Sapendo che la mente, spesso, è la nostra prima nemica, che cerca di boicottarci attraverso pensieri ed emozioni, cercavo di non darle ascolto, la ignoravo e pensavo di aver inconsciamente fatto mio il contenuto emozionale di alcuni messaggi che arrivavano nelle varie chat condividendo a raffica notizie allarmanti e complottistiche.

“Io voglio mantenermi positiva” mi ripetevo come un mantra. Come se ce ne fosse bisogno, visto che la positività è una caratteristica che ho sviluppato negli anni e ormai è insita nel mio carattere.

Eppure non smettevo di sentire quella vocina… era proprio cocciuta e man mano che passava il tempo non sussurrava più, ormai urlava: “QUESTA E’ UNA RAPINA!”.

In effetti, pensandoci bene, quella vocina non aveva poi tutti i torti: è vero, è proprio così, mi hanno rubato il tempo! Proprio nel momento in cui avevo preso in mano la mia vita e capito finalmente cosa volessi fare “da grande”, proprio quando mi accingevo a fare una professione delle mie passioni e dei valori per me imprescindibili, è arrivato l’ordine di STOP! La mia regione chiusa, la mia città segnalata come tra le più impestate, tutto vietato: stop agli eventi, stop alle uscite di casa, stop alle attività commerciali… ah no, scusate: stop alle attività commerciali tranne la vendita di tabacchi e le sale scommesse! Eh sì, in effetti sono proprio vittima di una rapina! Si sono presi il mio, il tuo, il nostro tempo! Due mesi delle nostre vite annullati dal calendario, persi, rubati.
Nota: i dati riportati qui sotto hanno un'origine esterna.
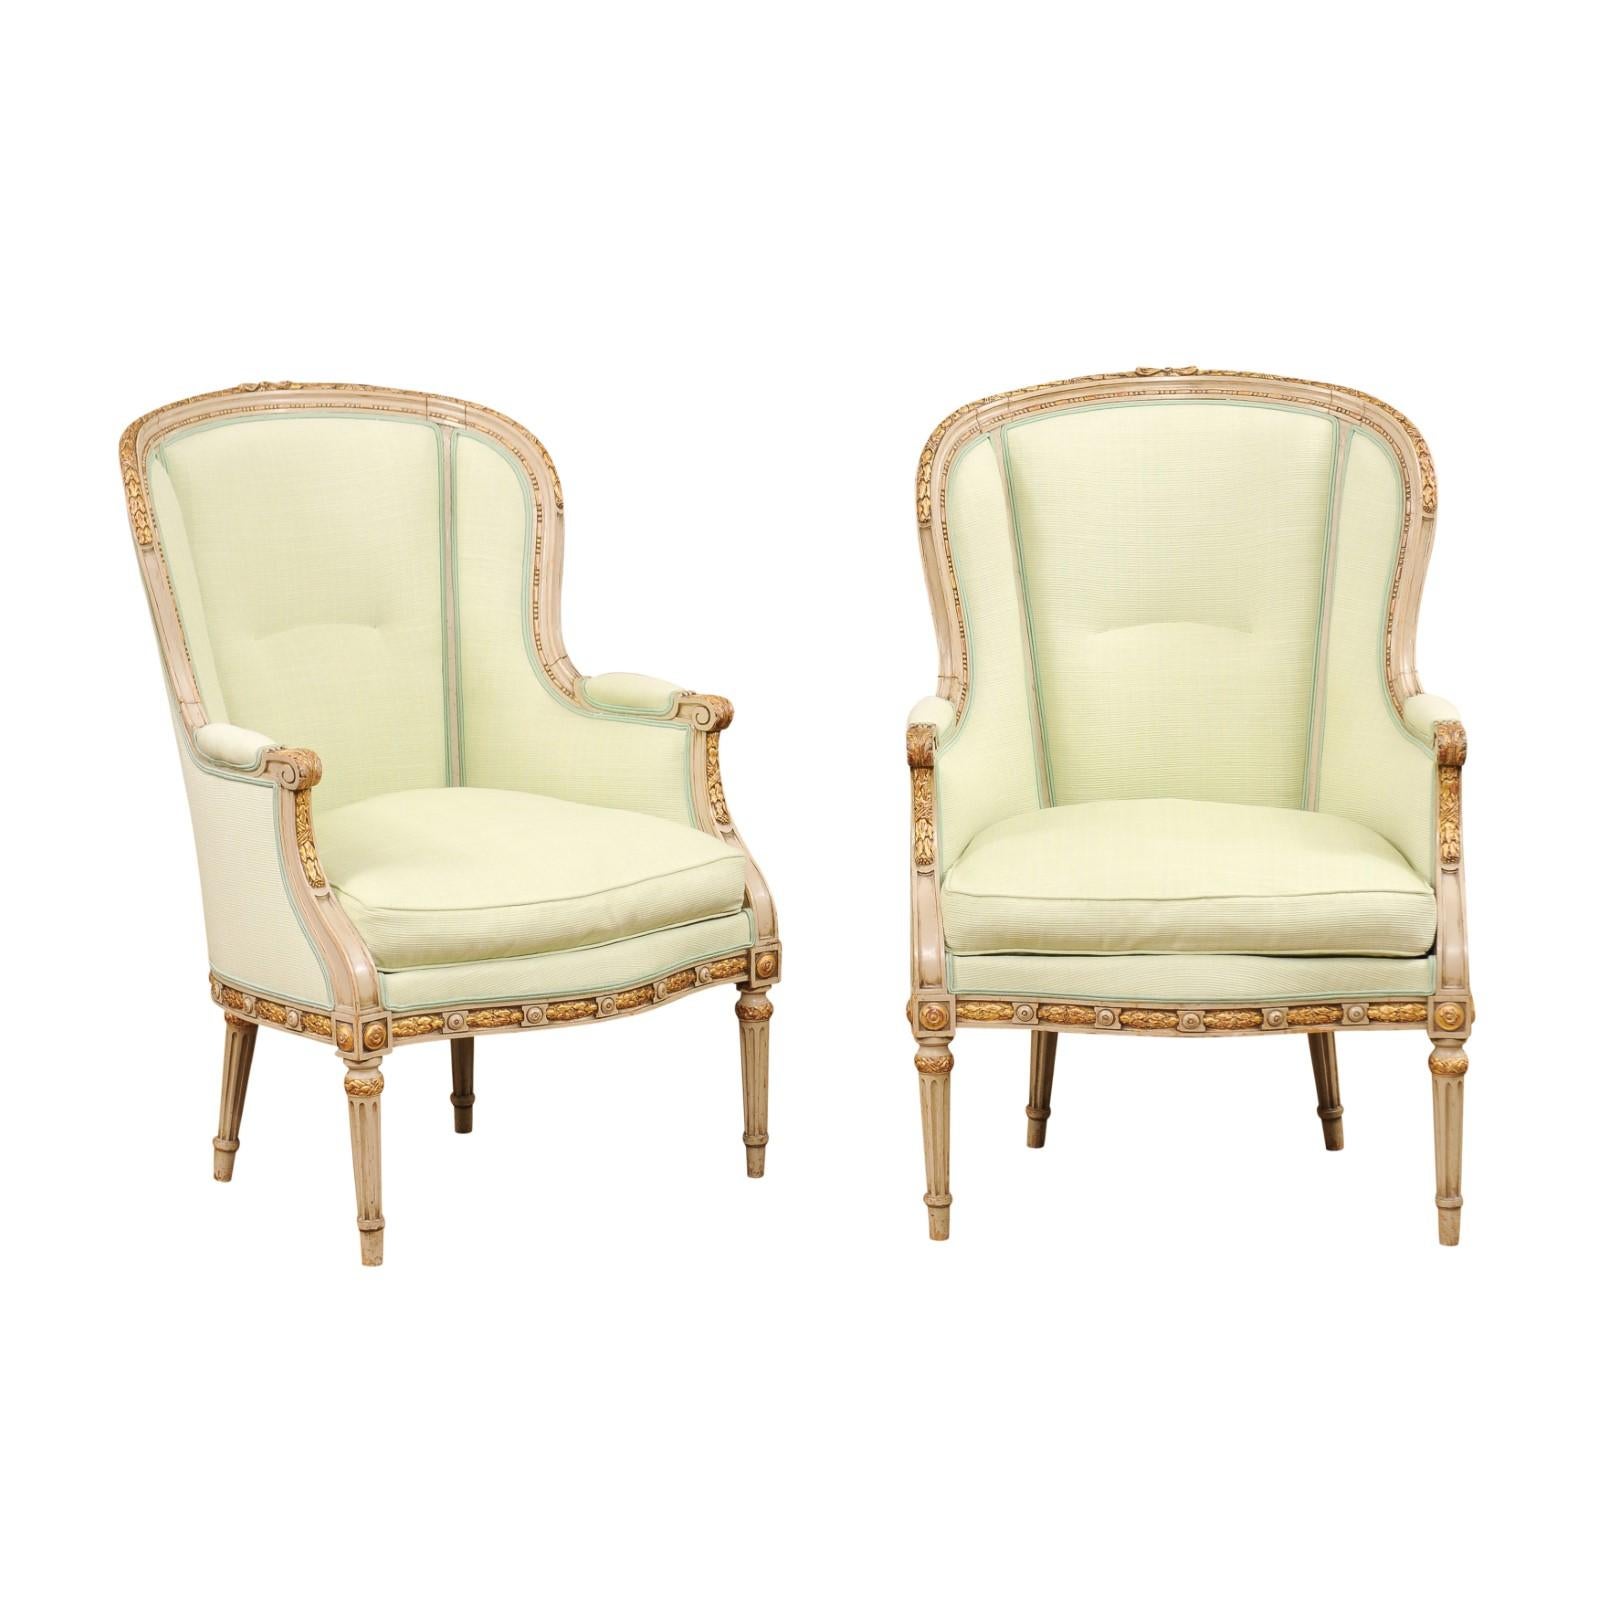 Paire de chaises bergères de style Louis XVI en bois peint et doré à la feuille, datant du début du 20e siècle, avec une tapisserie double vert jaune, des bras à volutes, du feuillage sculpté et des pieds cannelés. Créée en France au tournant du

Questo è quello che quella vocina mi sussurrava.

Per fortuna da un po’ di tempo ho iniziato a conoscere il nemico. Se avessi ceduto alla tentazione di credere a quella vocina nella mia mente, avrei passato queste settimane piangendomi addosso, disperandomi, preoccupandomi. Con l’unico risultato di ritrovarmi una larva. Perché questo tipo di drammatizzazioni stancano tantissimo.

Avete mai fatto caso a come stiamo dopo esserci fatti prendere dalle emozioni, in particolar modo quelle negative come la paura, lo stress, l’ansia? Generalmente ci si sente stanchi, svuotati.

Questo succede perché quando siamo in preda alle emozioni forti, specie se negative, stiamo sprecando la nostra energia dietro a processi mentali che sono per lo più inutili, perché anche se ci piangiamo addosso la situazione non migliora e neanche ha qualche possibilità di cambiare. E’ solo con l’azione che le cose possono prendere un verso nuovo.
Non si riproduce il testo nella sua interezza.